With 216 million shares outstanding, the stock has a market cap in the $750 million range. The stock only has an EV in the $335 million range, but of course, Aeva will burn a substantial portion of this cash balance to reach positive cash flows from operations, possibly by 2024 and definitely in 2025 when auto OEMs launch advanced ADAS or autonomous driving programs requiring premium Lidar chips.

Heading Towards Scaled Production

The Aeries II chip provides a unique 4D Lidar on-chip solution delivering velocity measurements for every pixel with 500 meters of range and a resolution designed for automotive demands. The company plans its first deliveries during the current period leading to a launch of scale deployments later this year.

Aeva has deals with 2 vehicle companies including the announced Plus deal. The company didn’t provide much in the way of details on the Q1’22 earnings call other than confirming plans to announce both an automotive and non-automotive deal along with the un-announced production deal already in the bag. Back on the Q4’21 earnings call, Aeva CEO Soroush Salehian forecasted these additional deals to match the capacity size of the Plus deal:

Yeah.

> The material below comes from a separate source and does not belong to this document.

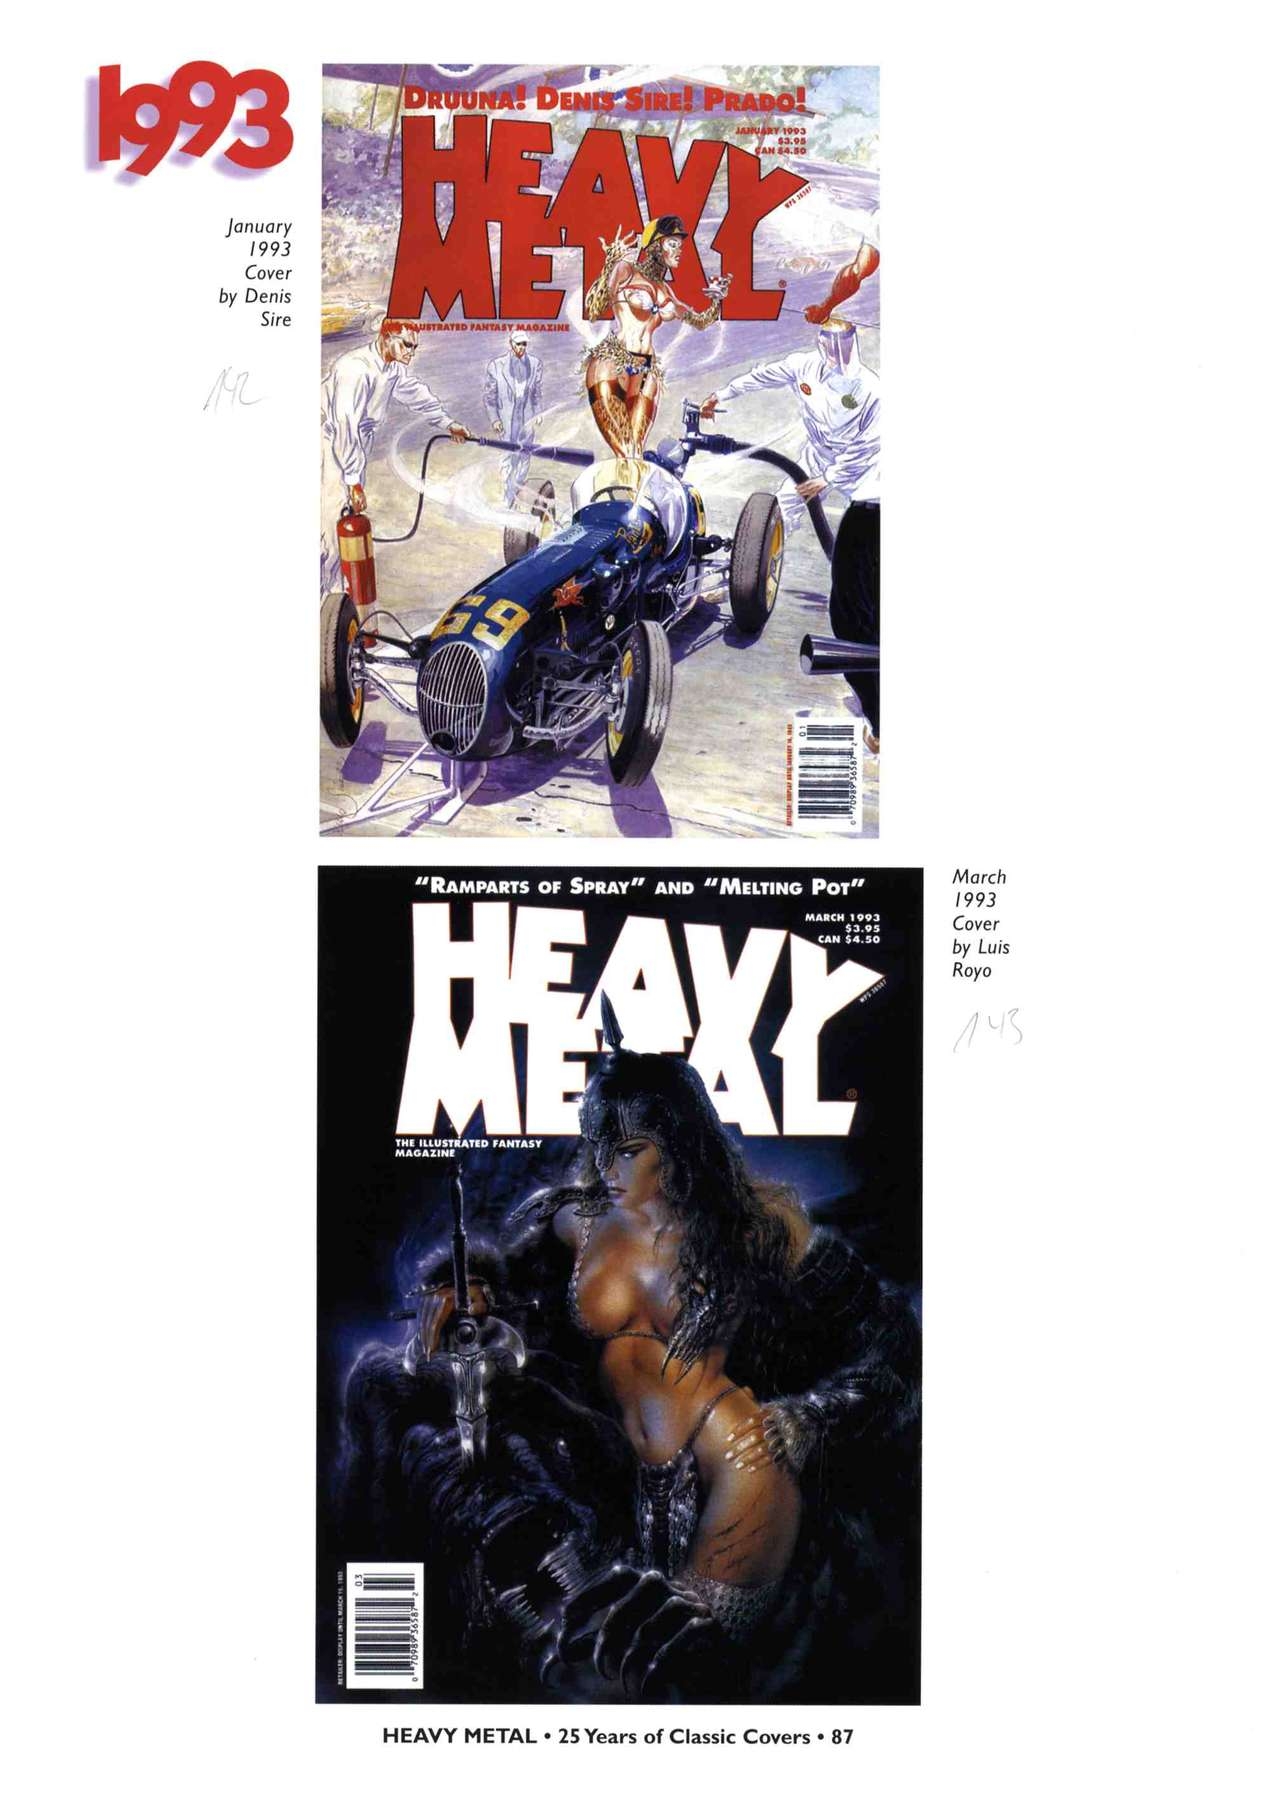 HEAVY METAL 25 Years of Classic Covers 92

Sure, Pierre. So, first of all, as we talked about in the past quarters, so, Plus, of course, is one of the programs on the production side that we have converted, also undisclosed customer that we talked about last year, which we continue to make progress with and hitting our milestones with working through together through development into production. And so, it’s similar types of programs we’re talking about here in terms of programs towards production. And we’re planning to bring in additional two types of programs that are similar in this — similar capacity.

As a reminder, the Plus deal has plans for 100,000 vehicles to use the driver-in autonomous trucking solution by 2025. The PlusDrive solution would need to top 20,000+ units per year by 2025 while most Lidar sensor firms only sell thousands of sensors per quarter now, at most.

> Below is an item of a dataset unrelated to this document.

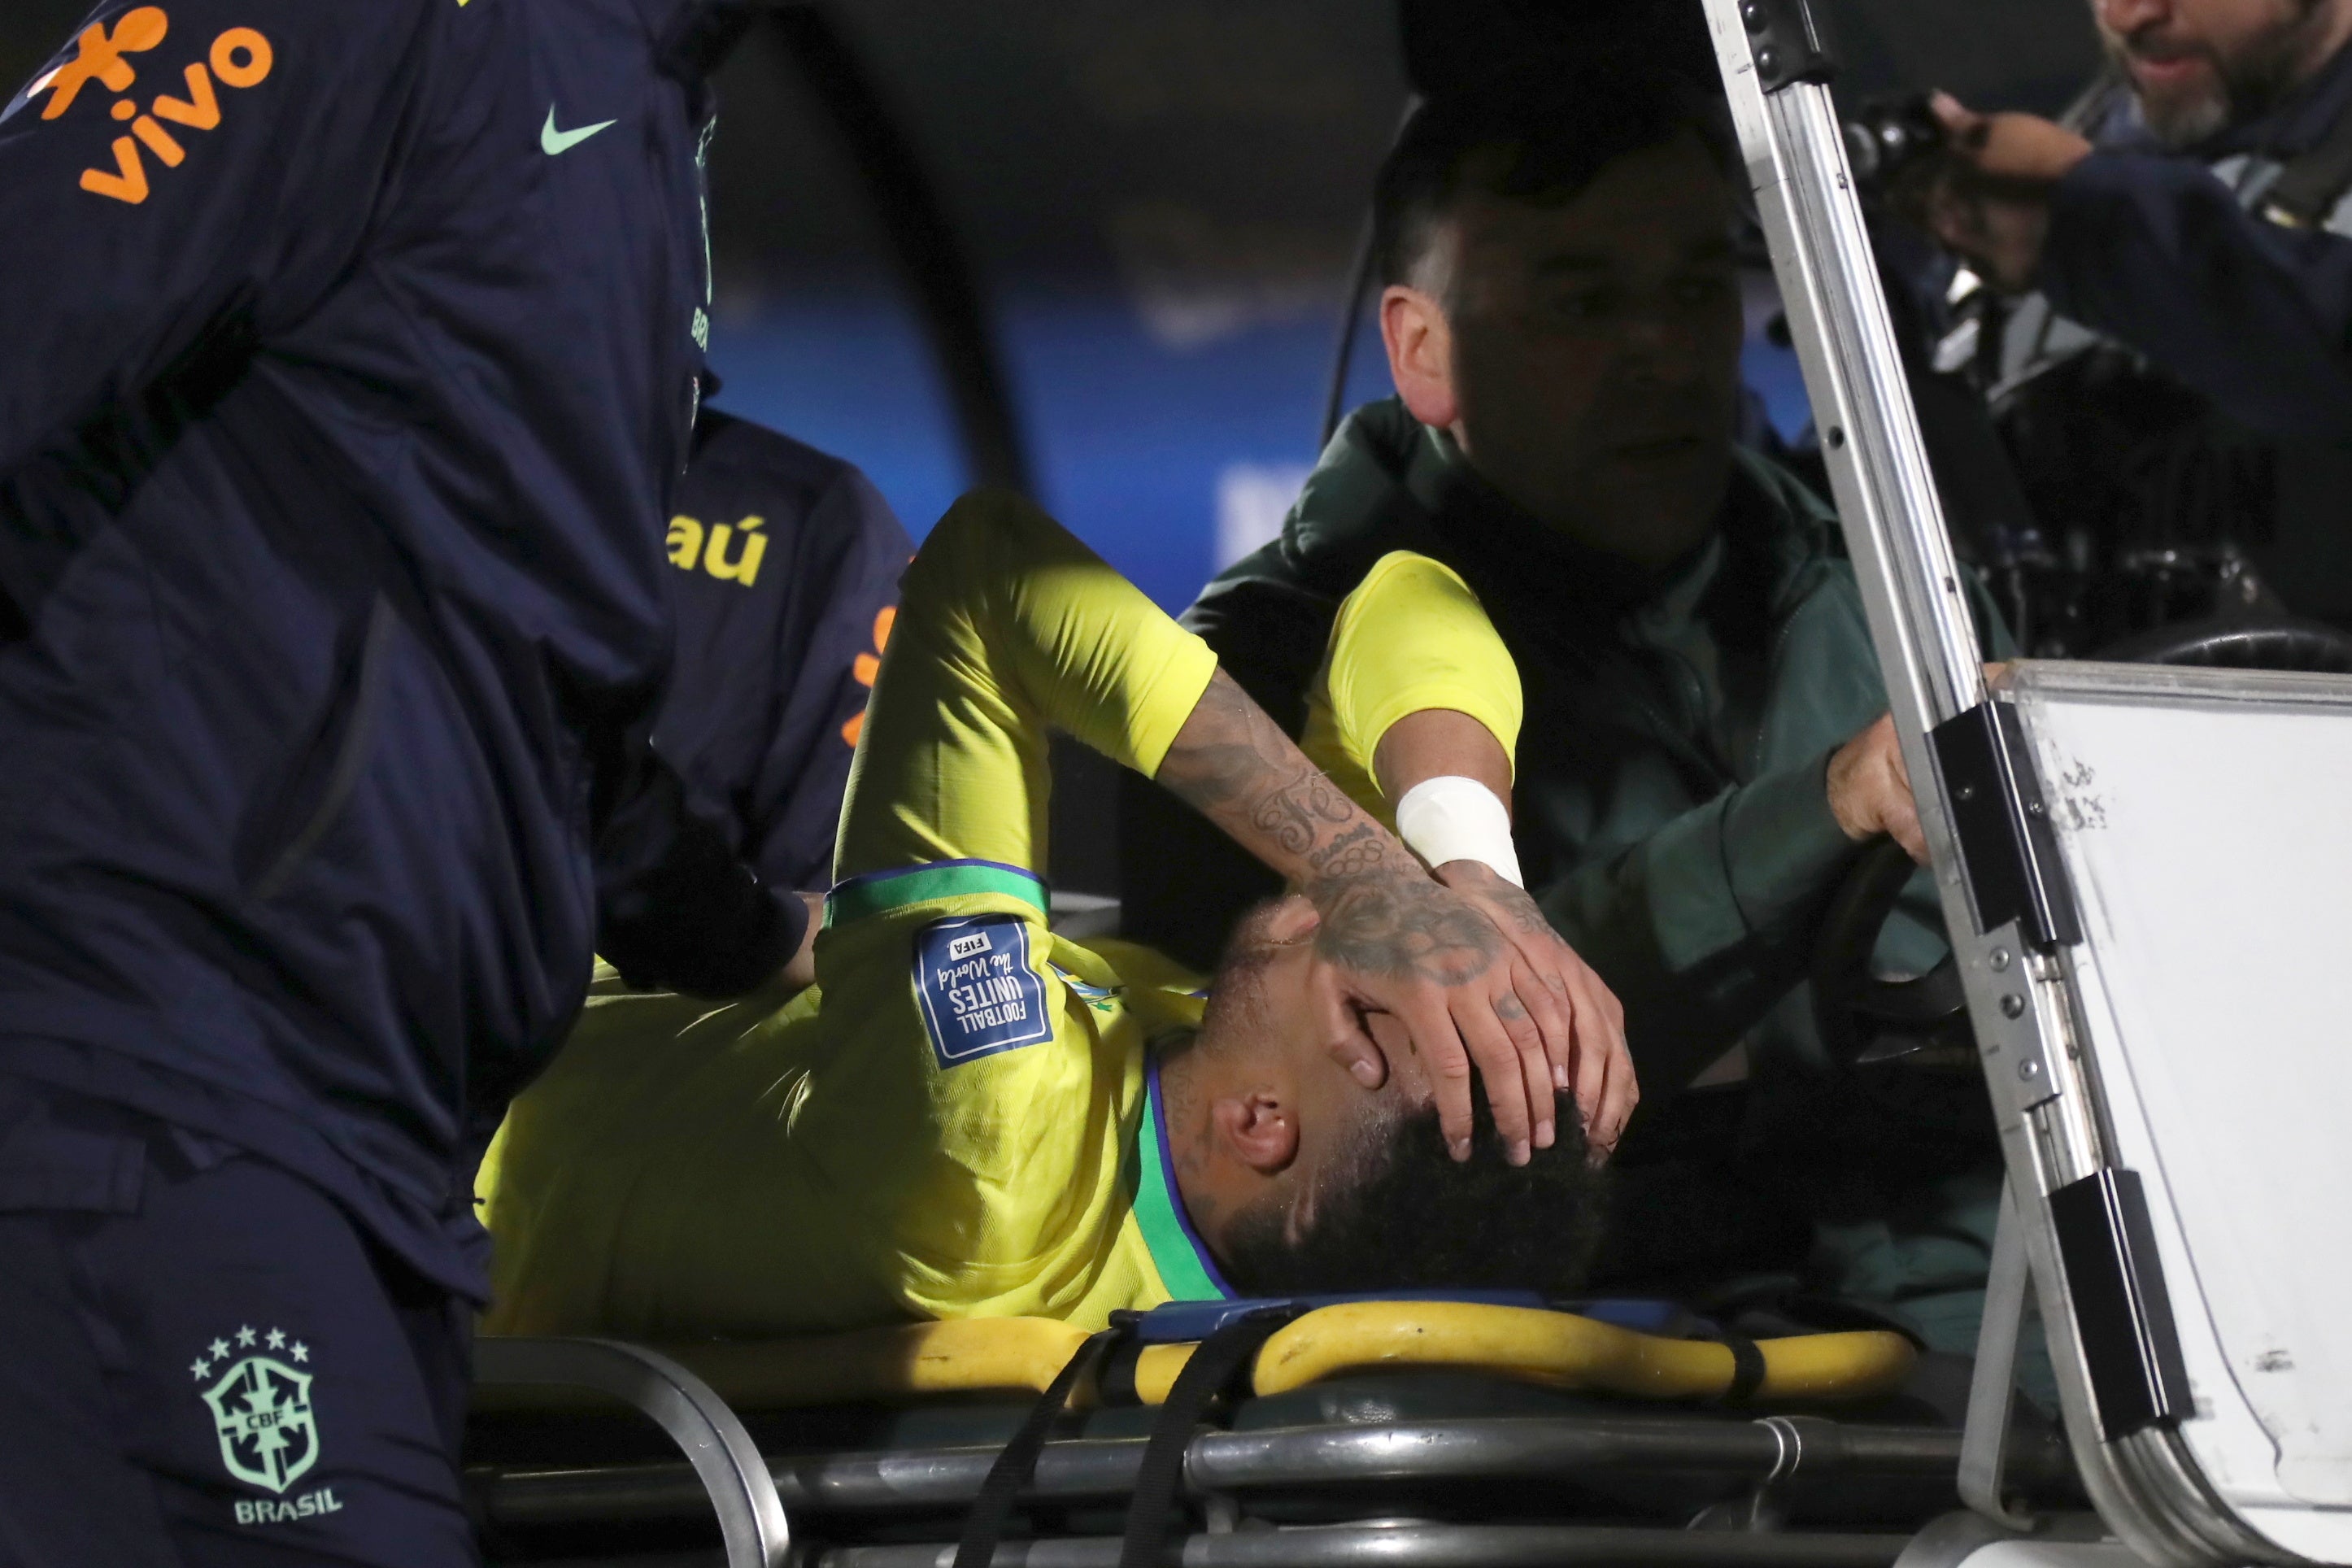 Brazil issue Neymar recovery update after ACL surgery as Ederson

A few more similar deals announced will quickly change the financial equation here for this stock. Innoviz Technologies (INVZ) signed a deal with an automotive firm forecast at $4+ billion worth of backlog bringing the total backlog to $6.6 billion, so the deals proposed by Aeva appear very reasonable.

In addition, partnerships with the NVIDIA (NVDA) DRIVE autonomous platform, Nikon (OTCPK:NINOF) in industrial precision and NASA creating mobile terrain mapping tools provide another set of platforms to expand beyond direct automotive deals.

A big key to changing the valuation equation on all of these Lidar sensor stocks is a ramp-up in sales beyond these initial minimal levels. Sales nearly tripled in Q1’22 from last year, but the amount was down sequentially. Even the quarterly forecasts for the year don’t get Aeva to a materially higher plane until Q4 when revenues are forecast to finally top $5 million. After that, analysts still have 2023 numbers reaching just $33 million with massive growth in the years ahead.

Revenue table

Seeking Alpha

Takeaway

The key investor takeaway is that as the backlog continues to build in sector stocks and revenue arrives as some initial production deals launch, the market will start becoming more friendly to the Lidar sensor stocks. Investors need to focus on process over perfection over the next couple of years. Results could easily be lumpy over this period with delays along the way, but ultimately the world is moving towards forms of autonomous driving and advanced safety products and Aeva will benefit.